Сейчас, среди ночи, Кила прибежала в слезах: моя мать наступила в придорожной траве на гадюку, и та ужалила ее в пятку. Я спешно засобиралась, но было уже поздно: мать умерла прежде, чем Кила успела добежать до святилища. Когда мы пришли на рассвете, мать уже обрядили и гладко расчесали ее длинные волосы; женщины Вилусы и Лидии произносили над ней слова погребального плача. Мать показалась мне красивее, чем всегда, хотя ей было уже чуть ли не тридцать.
Погребальный костер сложили в полдень, когда приехал Триот. Он сжал руку матери и заплакал и, отрезав от своих волос светлую прядь, смешал ее с волосами матери — словно прощался с любимой женой, а не с рабыней.
Я стояла у костра в своем черном хитоне и смотрела, как колышется над огнем жар. Сердце полнилось чувствами, плакать я не могла. И не знала, с кем говорить и о чем. Напротив меня стоял Триот, обнимая за плечи моего шестилетнего брата, маленького и шустрого, как чиж.

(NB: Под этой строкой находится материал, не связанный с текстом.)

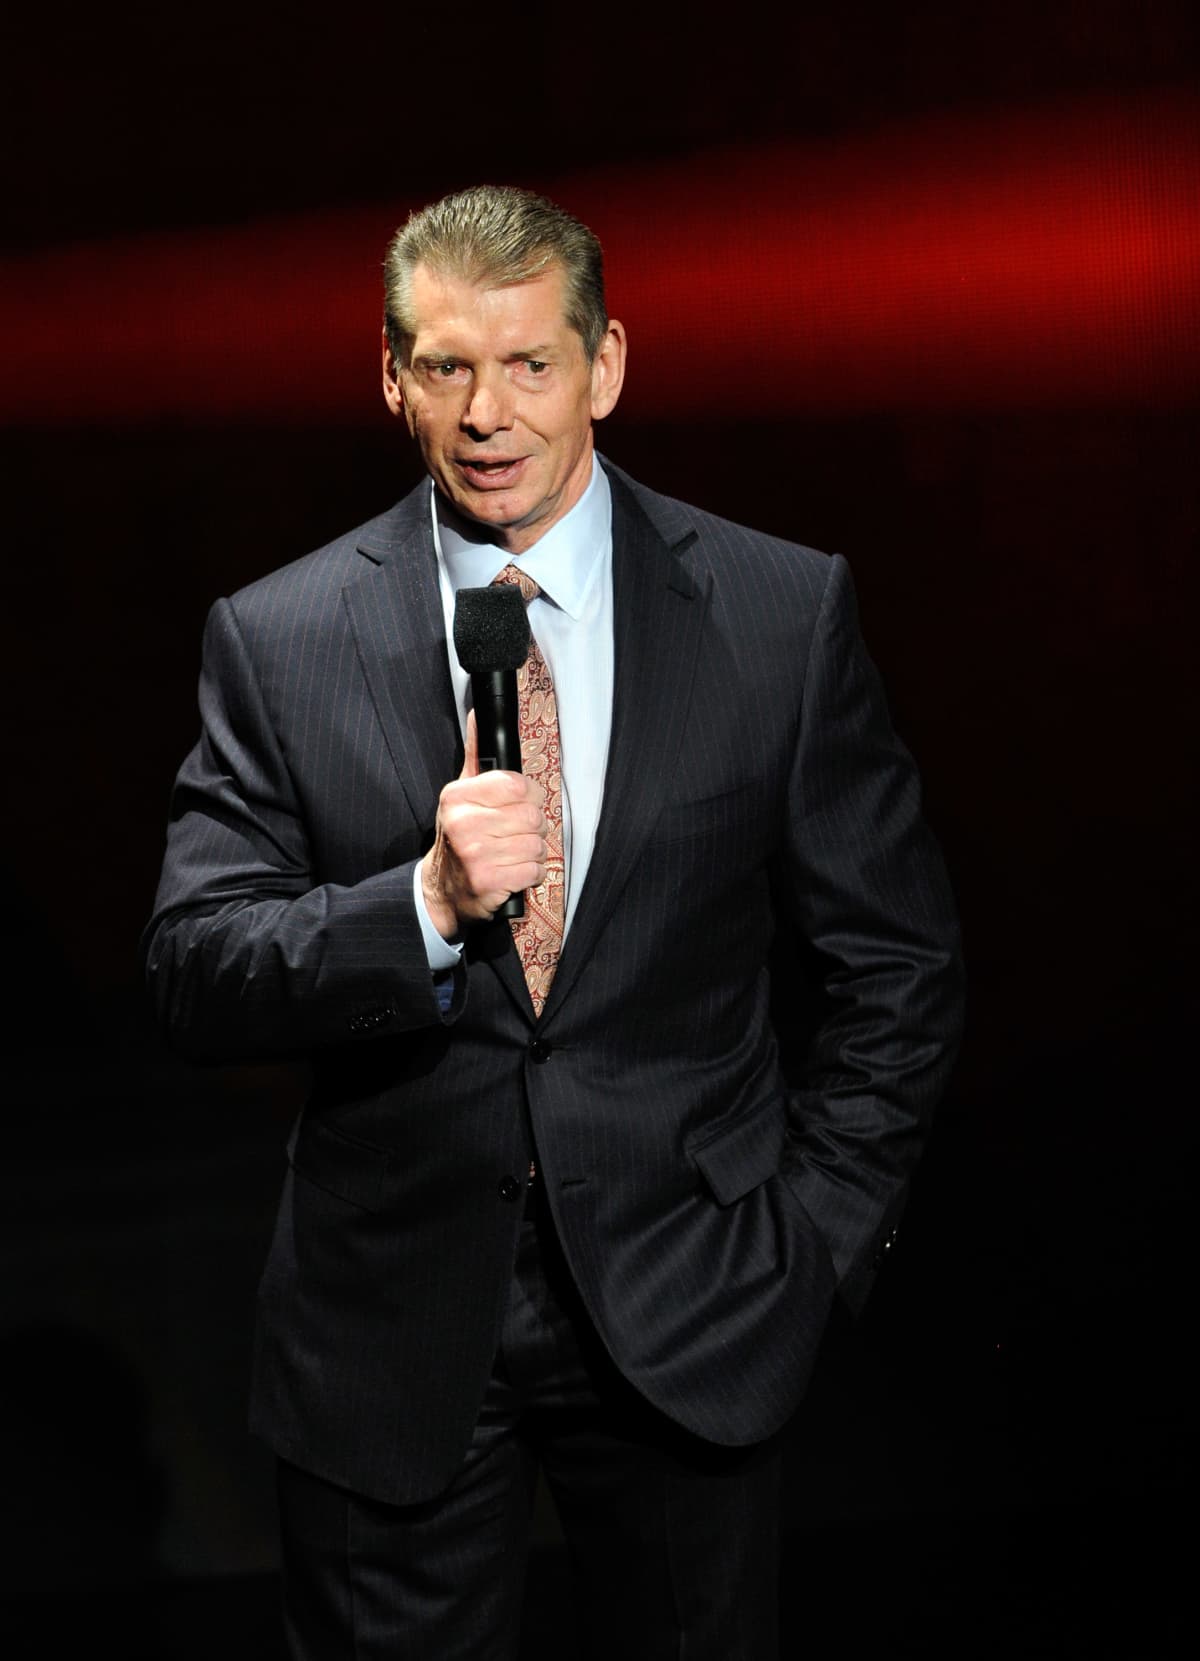 LAS VEGAS, NV - JANUARY 08:  WWE Chairman and CEO Vince McMahon speaks at a news conference announcing the WWE Network at the 2014 International CES at the Encore Theater at Wynn Las Vegas on January 8, 2014 in Las Vegas, Nevada.

Когда погребальный плач закончился и остатки углей раскидали, Триот велел Арену собрать вещи — второй хитон и остальное, что захочет.
— Я сдержу обещание, данное твоей матери. Ты будешь жить в моем доме, и через год-другой я приставлю тебя к кому-нибудь из друзей, кто научит тебя быть ахейцем и воином.
Я промолчала, да и что мне было говорить? С самого его рождения я знала, что брат не такой, как я. Пифия наверняка сказала бы, что предложение Триота справедливо. Он верен слову, и Арен будет жить как сын Триота, а не как раб.
Я не осталась с ними; ночью, под холодным и ясным светом звезд, я вернулась в святилище. С искалеченной ногой идти в гору было трудно, однако дорога казалась легче, чем раньше. Нога за это время окрепла: я хоть и хромала, но все же на крутых подъемах, где мать когда-то несла меня на руках, мне теперь не требовалась помощь.
На изгибе дороги, откуда я впервые увидела море, я остановилась и заплакала.
К рассвету я добралась до святилища, легла и уснула.
Я пробудилась вечером. Долкида спросила, буду ли я тушеную чечевицу, и я поняла, что сильно проголодалась.
Пока я ужинала, пифия жевала хлеб и следила за мной взглядом. После еды она взяла меня за руку.
— Теперь пора, — сказала она и подвела меня к занавесу в дальнем углу. Мне не хотелось идти, но она, не отпуская меня, откинула полог.
— Что там? — спросила я.
— Увидишь. — Когда мы прошли, пифия снова завесила проход. Здесь царила тьма, какой под открытым небом не бывает даже в бурю, — тьма земного чрева, вовек не видавшая звезд.
Стало холодно. Пифия приложила мою левую руку к стене.
— Считай шаги, чтобы не сбиться, — сказала она. — Тебе нужно запомнить все пещеры и повороты, а их здесь много. Ты не зря упражняла память.
И мы стали считать. Ходы вели нас все дальше в глубину. Я по-прежнему пыталась хоть что-то разглядеть во тьме, и мои глаза, должно быть, все больше расширялись.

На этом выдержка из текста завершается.